(Ein Kommentar von Gesa Maschkowski) Keiner will Katastrophen und sie kommen doch. Weil wir nachwievor die falschen Prioritäten setzen. Profit vor Umwelt funktioniert nicht mehr. Der Preis den Menschen in Ahrweiler, Erftstadt und Berchtesgaden zahlen ist zu hoch. Doch es geht auch anders. Aber nicht von allein. Der Wandel zur nachhaltigen Gesellschaft braucht klare Ziele, Mut und ein gutes Miteinander. Denn viele Bürgerinnen und Bürger sind weiter als manche Politikerinnen und Politiker denken.
Späte Reue reicht nicht
Auf die Wissenschaft ist Verlass: Gewaltige Niederschläge kommen auf Deutschland zu, stand in der Risikoanalyse des Umweltbundesamt vom Juni 2021 [1]. Nun sind die Wassermassen gekommen. Die späte Reue der Bundeskanzlerin hilft den Opfern wenig. Denn seit Jahren ist klar: Klimaschutz kostet weniger als Katastrophenbewältigung [2]. Nun zeigen die Medien schockierende Bilder. Menschen sind gestorben, Existenzen vernichtet, Zukünfte zerstört. Menschen trauern. Auch wir sind zutiefst betroffen. Immer mehr Menschen machen sich Sorgen. Keiner will den Klimawandel. So wie wir leben, arbeiten und wirtschaften, machen wir die Erde kaputt und die Menschen gleich mit. Das ist nicht ökonomisch. Das ist dumm. Warum aber tun wir also nicht, was dringend nötig wäre?
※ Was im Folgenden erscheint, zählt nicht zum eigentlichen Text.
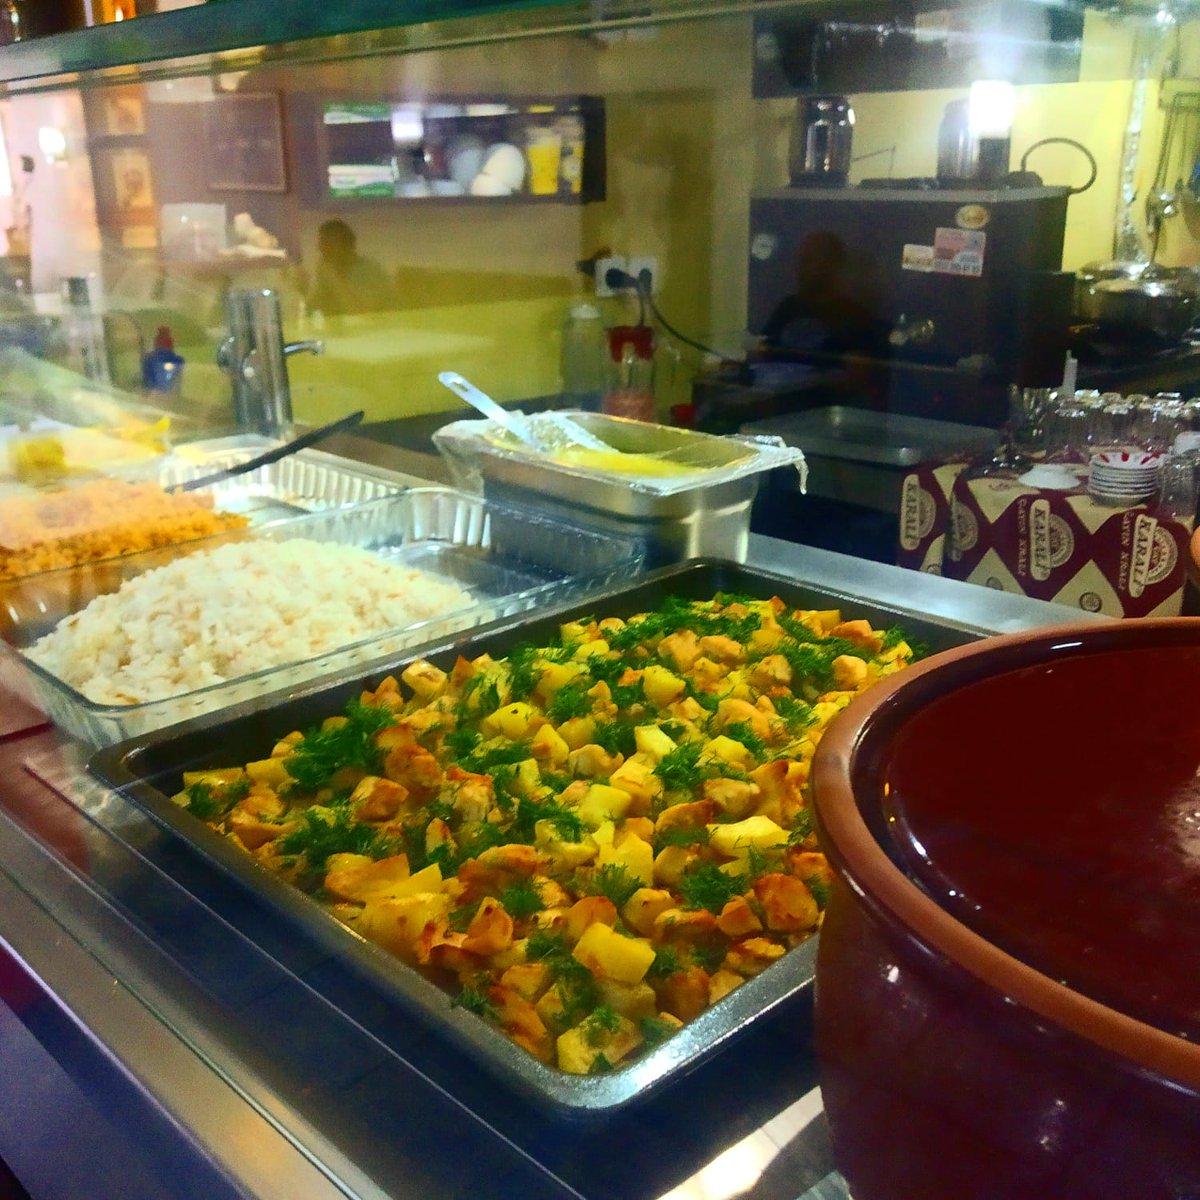 Mis gibi ev yemeklerimiz sizi bekliyor...  #taksim #beyoglu #sishane #omayracafe #istiklalcaddesi pic.twitter.com/QtcW0Gijlb

Die Zerstörung ist kein Zufall, sie ist das Ergebnis unserer eigenen Spielregeln
Die Spielregeln, nach denen wir unsere Gesellschaft organisieren, sind falsch, sagt uns die Wissenschaft. Die Planetary Health Alliance – die internationale Allianz für die Gesundheit der Erde und Menschen stellte schon 2015 fest: Die Krise wird nicht wie eine Krise behandelt. Und wir setzen falsche Prioritäten.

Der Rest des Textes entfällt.